Truffling

Sometimes you are the bug. Sometimes you are the windshield.

My Uncle Daniel taught me that.

Pear growers, like Uncle Daniel, understand the bug-windshield metaphor better than most.

For the first time in twenty-five years, Pear farmers were the Windshield for a change.

Short peach crop, freeze in the Northwest and mass acreage removals were all contributing factors to this inversion. But Supply and Demand is not the most interesting issue facing the Pear Business.

It’s Pressure.

By pressure I mean, the amount of force (measured in lbs) that it takes to break the skin of a Pear. The less force, the lower the pressure. The lower the pressure, the closer the fruit is too harvest.

E.G….A Pear that punches 16lbs is closer to harvest than a pear that punches 20lbs.
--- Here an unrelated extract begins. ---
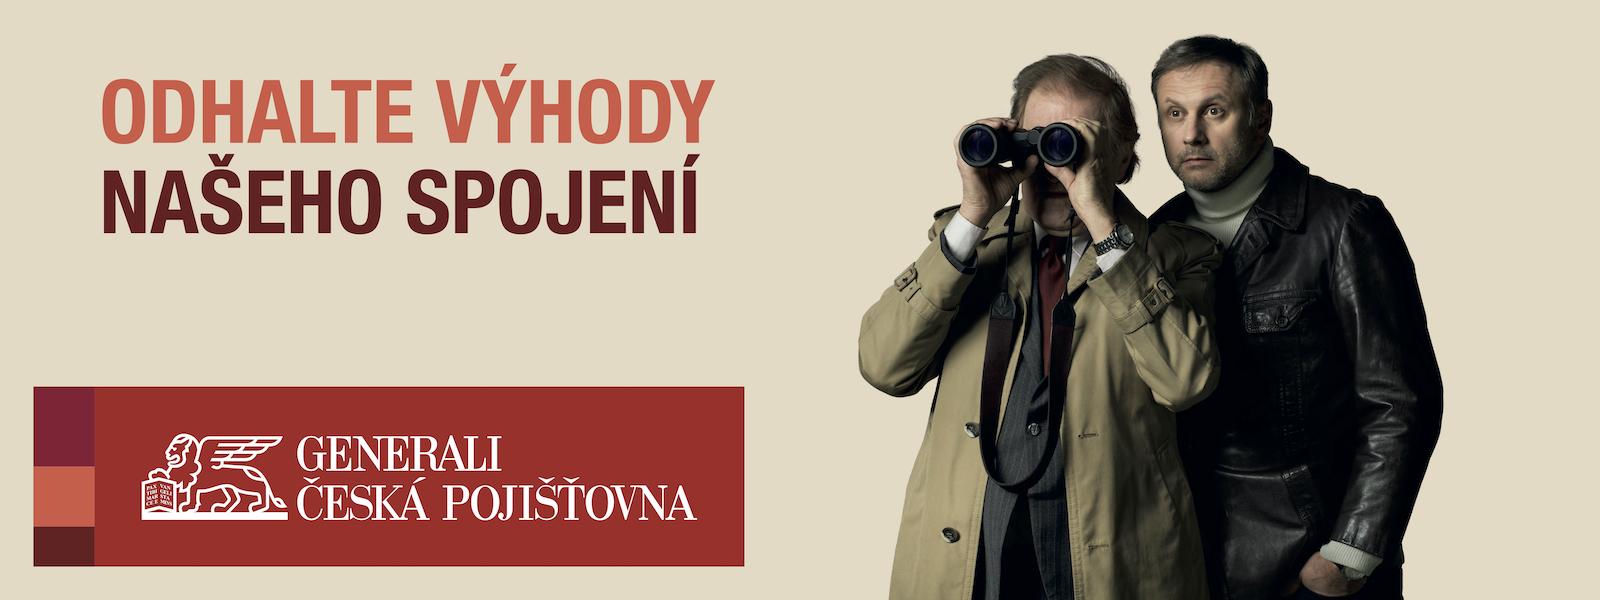 Jan Vlasák a Igor Chmela v kampani Generali Česká pojišťovna

Determining pressure is a big deal. Pick too soon, you lose tonnage. Pick too late and the fruit becomes too mature to market.

Pressure is gauged by machines called “Pressure guns.” The guns puncture the skin of pears like the captive bolt stunner Javier Bardem used in ‘No Country for Old Men’ to kill his victims.

Pressure Guns vary in shape and size. They range from hand held guns to full blown high-tech, digital versions that look like Scientific Microscopes. Most of the time, the guns are accurate only to themselves and can be manipulated by “user error,” making them about as reliable as voting in a third world country.

We try and calibrate the guns as best we can, but growers are often skeptical of the readings I give them. Rightfully so.

There is definite irony that multi-million-dollar decisions are made using these flimsy contraptions. It wouldn’t surprise me if Elizabeth Holmes started peddling her own ‘Theranos Pressure Gun’ once sprung from the pokey.

Many farmers think they can determine the pressure of a Pear by biting into one. This sounds like a good idea, in principle, but poses an interesting challenge for certain Lake County growers because of the whole lack of teeth dilemma…

Other growers have grown so desperate to accurately determine pressure that they are resorting to a dangerous method of pressure testing, known as “Truffling”

It’s muy peligroso.

Now, I’d never advocate throwing fruit against street signs from a moving vehicle at high rates of speed, but the thwack and it’s ensuing decibels give growers a reliable gauge for pressure. Using immaturity to gauge maturity, as it were, even Stevie Wonder can tell if a Pear is ready for market based on the octave, tonality and register of the impact.

I know what you are thinking. There are starving people in Africa and these farmers throw perfectly good fruit against street signs? How entitled! How dangerous!

You are right.

From Lodi to Mendocino County, countless “Mile Per Hour”, “Population” and “Welcome to” signs have been altered by the menace that is the Pear grower.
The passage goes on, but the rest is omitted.